Re: UEFI Revocation List being distributed by Debian
* Paul Wise:
> On Thu, 2020-05-07 at 07:26 +0200, Florian Weimer wrote:
>> It also has to be optional and disabled by default because a future
>> dbx update may be specifically designed to stop Debian systems from
>> booting. No Debian user will want to install such an update.
> Isn't the point of these updates to fix security issues, not to block
> systems from booting?
If Debian signatures are revoked, then the intent is to stop Debian
from booting, for everyone. The main reason for doing this will
likely be to protect users from harm that did not intent to run Debian
at all, but there is no way to tell those users from everyone else.
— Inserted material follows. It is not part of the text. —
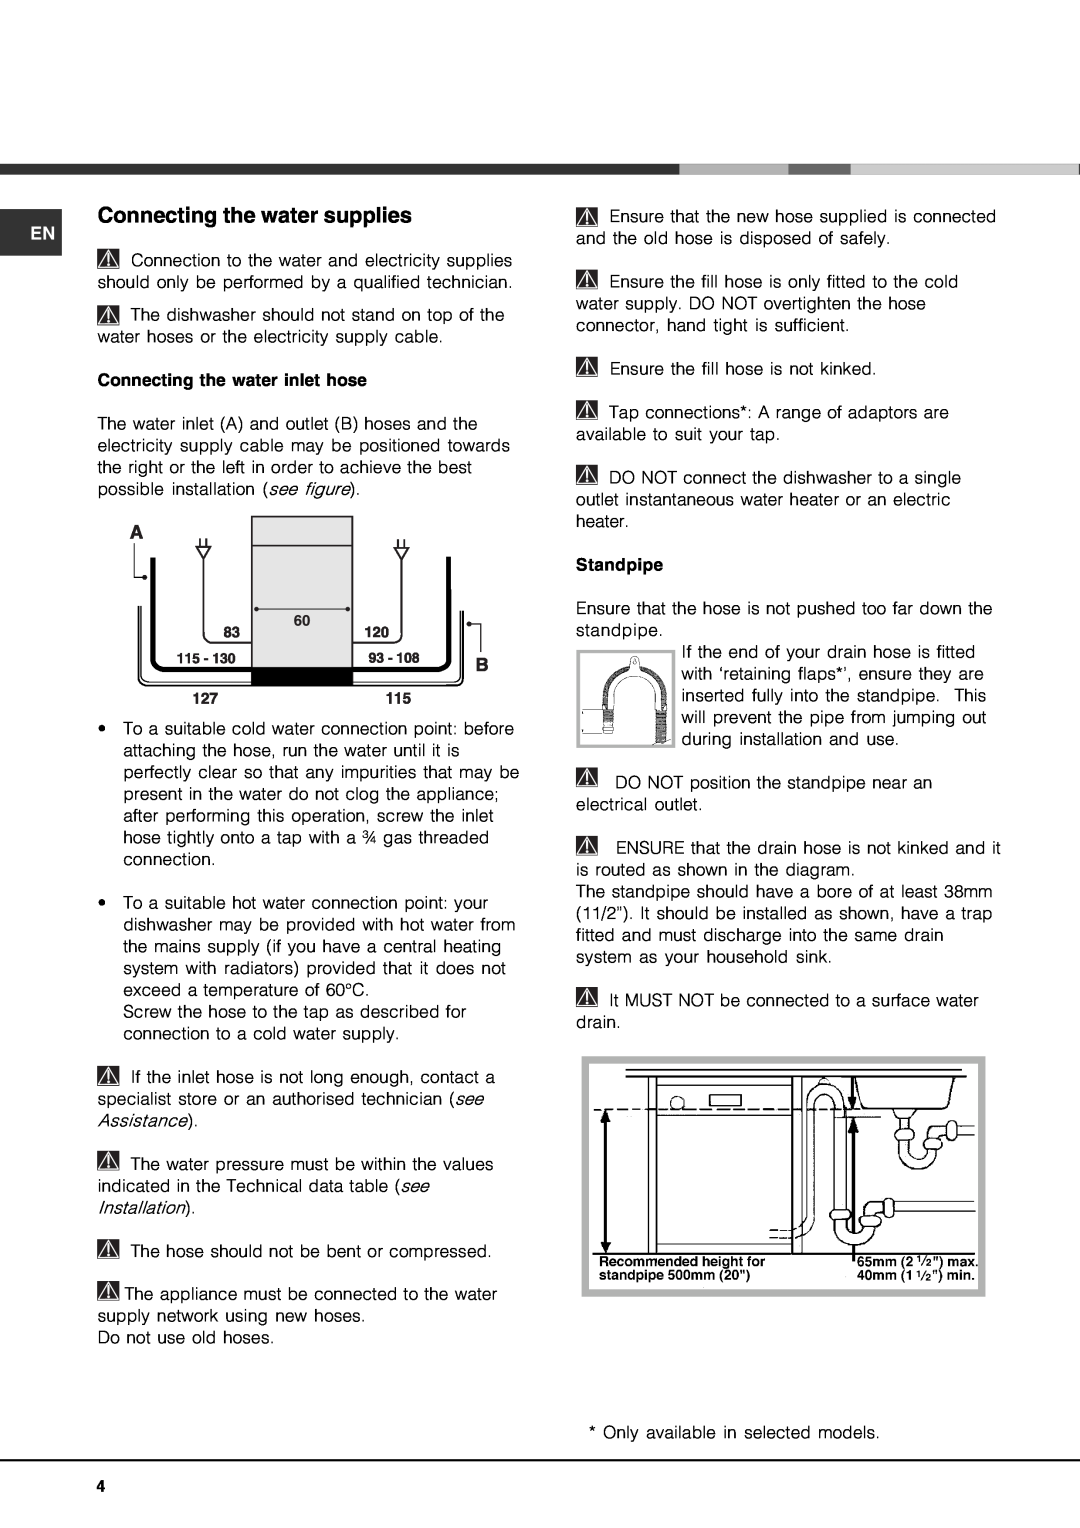 Hotpoint LFT 321 manual Connecting the water supplies 
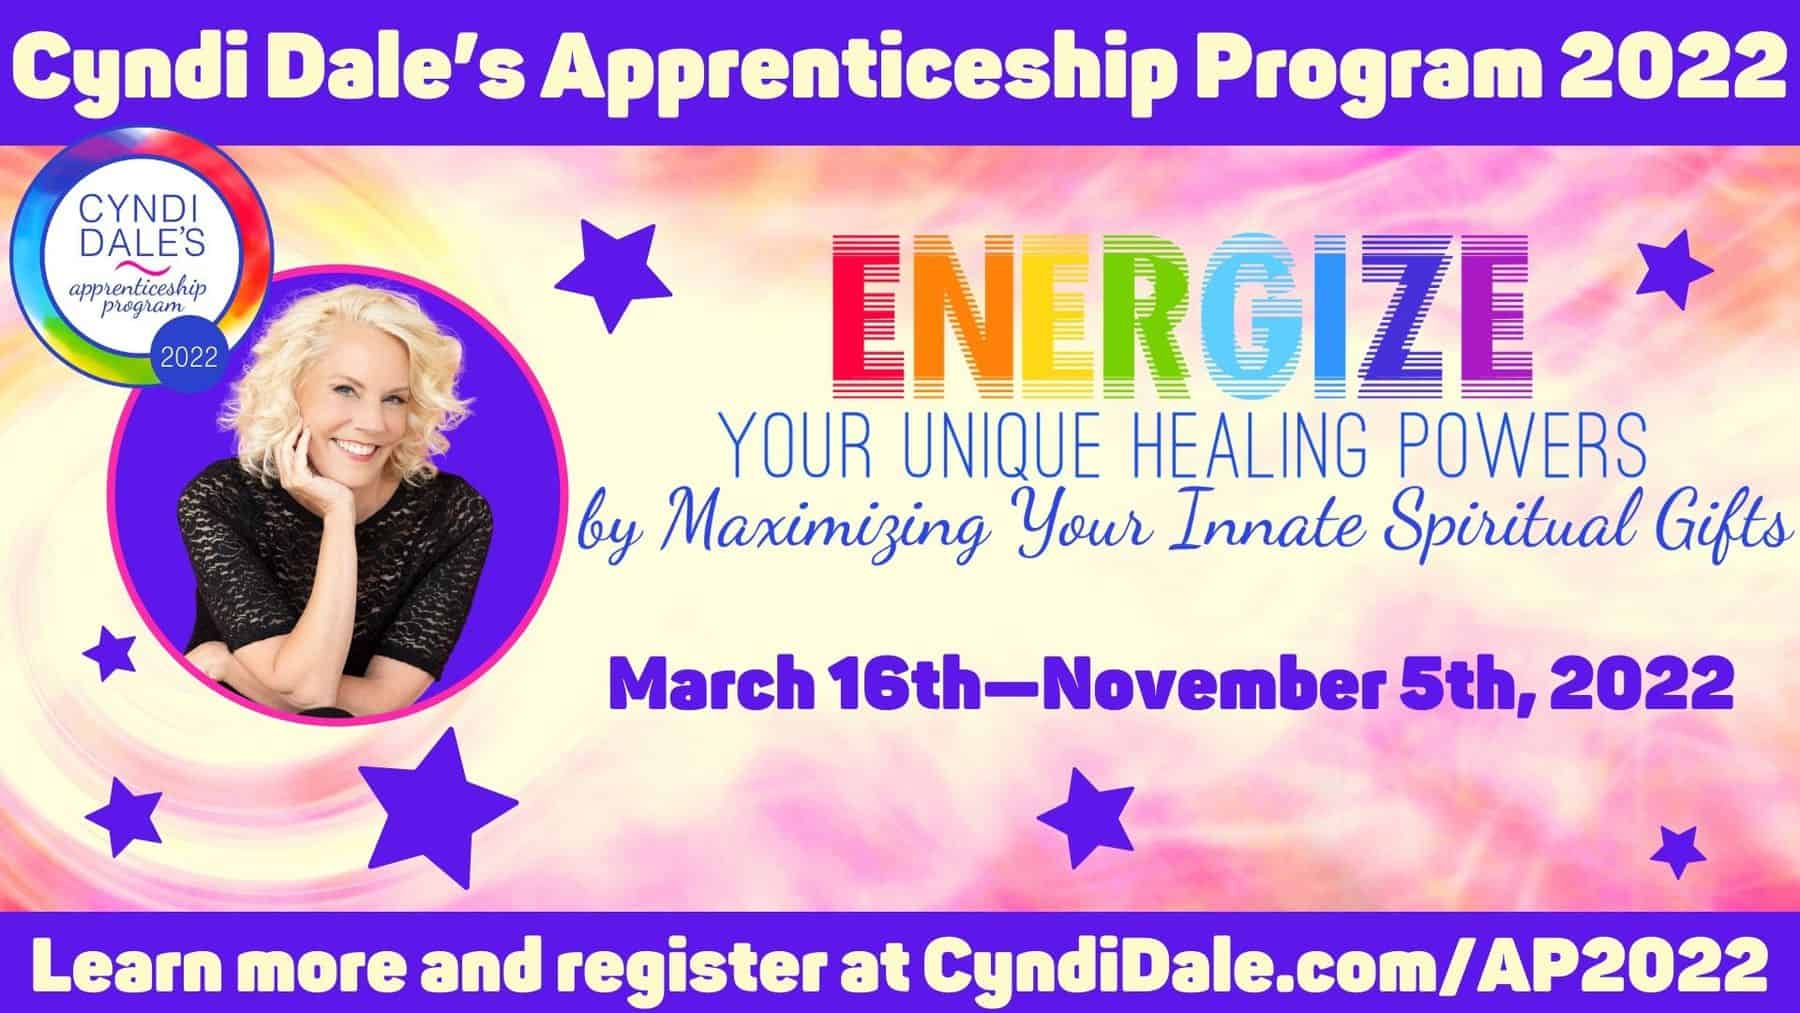 Cyndi Dale’s Apprenticeship Program 2022 Energize Your Unique Healing Powers by Maximizing Your Innate Spiritual Gifts March 16th, 2022—November 5th, 2022

According to the signing policy, Debian signatures can be revoked if a
vulnerable Debian kernel is used to kexec other operating systems in
the wild, bypassing their security protections:
| b. Developers might assume that secure boot security requirements
| have been satisfied when their initial boot is complete. However,
| if a secure boot system permits launch of another operating system
| instance after execution of unauthenticated code, the security
| guarantee of secure boot is compromised. If this vulnerability is
| exploited, the submission might be revoked.
I assume “exploited” here means “actual malware abuses signed code”,
not harmless demonstration code.
In order reduce this risk, Debian would have to blacklist earlier
kernels along with kernel updates that fix root-to-ring-0
vulnerabilities (likewise for GRUB and shim). The signing policy
actually requires this today. Quoting the same source:
| b. Submitter must design and implement a strong revocation
| mechanism for everything the shim loads, directly and subsequently.
I do not know *any* Linux distribution that does this. Most system
administrators would really dislike it if they could only boot one
kernel version and have no way to downgrade if there is a kernel
(We should probably move this discussion to debian-project.)